Vor dem heutigen EU-Gipfel in Brüssel sind die Gemüter erhitzt. Vor allem die geplante Dienstleistungsrichtlinie stößt in Ländern wie Frankreich oder Deutschland auf Kritik. EU-Industriepolitikkomissar Verheugen versichert aber, dass es keine Richtlinie geben wird, die zu Lohn- oder Sozialdumping führen wird. Es handele sich hierbei vor allem um ein Wahnehmungsproblem.

Moderation: Doris Simon | 22.03.2005
    Doris Simon: Da haben die Finanzminister der Europäischen Union am Wochenende gerade einen besonders dicken Brocken aus dem Weg geräumt. Nach jahrelangem Streit erlaubt der Stabilitätspakt, den heute wohl die Staats- und Regierungschefs absegnen sollen, nun bestimmte sagen wir mal mildernde Umstände, unter denen das Haushaltsde-fizit auch mal über 3 Prozent liegen darf. Aber pünktlich zum EU-Gipfel, der eben heute beginnt, der nächste Brocken. Es könnte gut sein, dass die Franzosen am 29. Mai in einem Referendum nein sagen zur europäischen Verfassung, und ein Nein in diesem wichtigen Gründungsstaat der Gemeinschaft wäre wohl das Aus für die Verfassung. Für französische Politiker aus allen Lagern ist ein Projekt aus der EU-Kommission Schuld daran: die Dienstleistungsrichtlinien. Wer in einem EU-Land seine Dienstleistungen legal und sozialversichert anbietet, soll das bald in allen EU-Ländern dürfen. Einige Bereiche werden dabei ausgenommen.
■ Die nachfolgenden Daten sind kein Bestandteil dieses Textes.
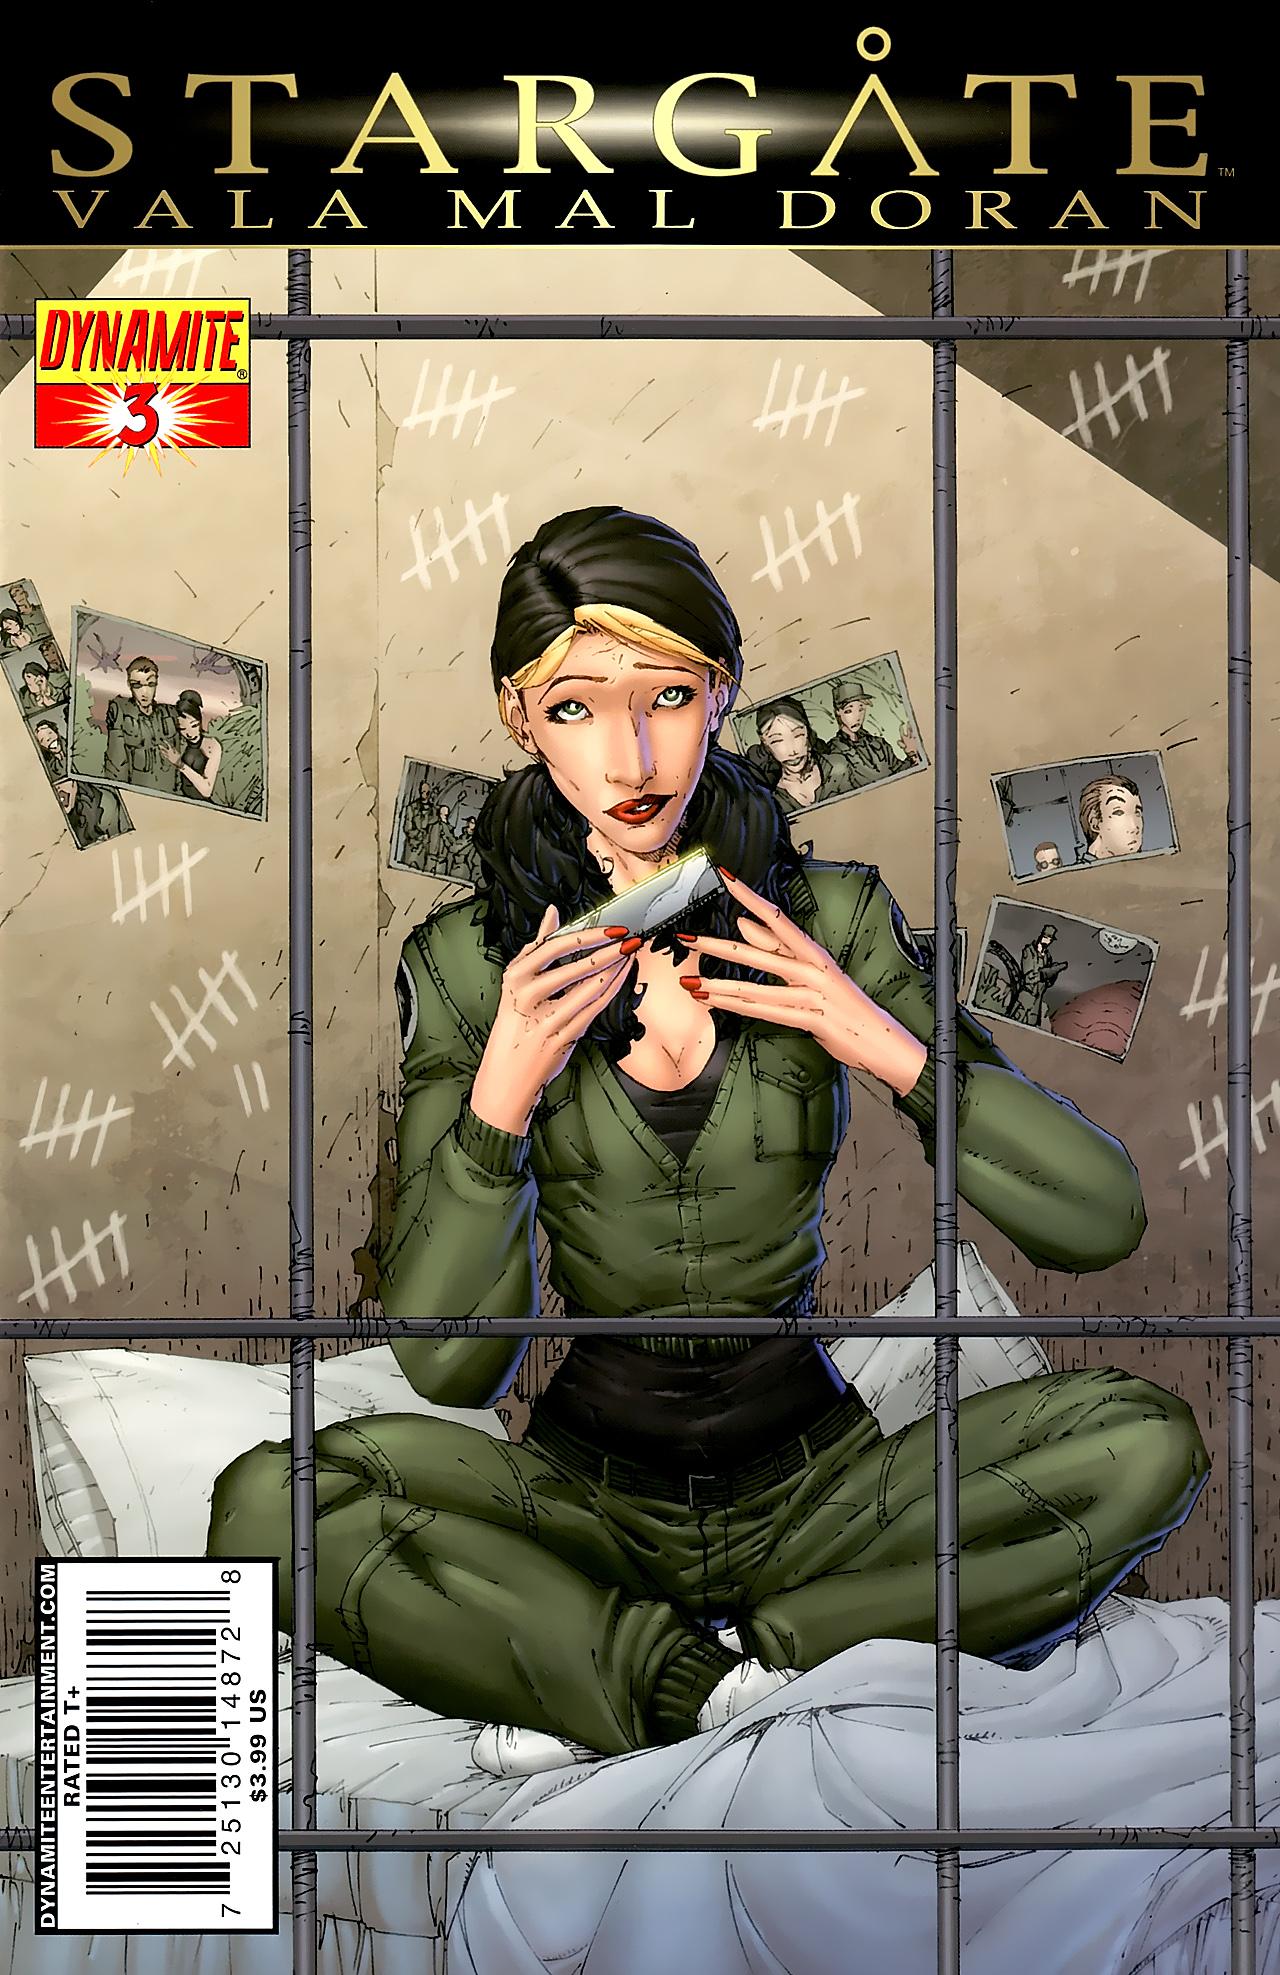 Read online Stargate Vala Mal Doran comic -  Issue #3 - 1

Derzeit ist das alles noch in der Diskussion, aber der Aufruhr ist schon jetzt groß und mindestens so groß ist auch die Angst vieler Menschen, ihre Arbeit zu verlieren, wenn billige Anbieter aus den neuen EU-Mitgliedsstaaten überall arbeiten dürfen. - Am Telefon ist nun EU-Industriekommissar Günter Verheugen. Ich grüße Sie!

    Günter Verheugen: Guten Morgen!

    Doris Simon: Herr Verheugen, der Druck wegen der Dienstleistungsrichtlinie wächst nicht nur in Frankreich, sondern auch in anderen Alt-EU-Ländern. Präsident Chirac hat gesagt, dass er das auch zum Thema heute machen will. Wer will eigentlich diese Dienstleistungsrichtlinie?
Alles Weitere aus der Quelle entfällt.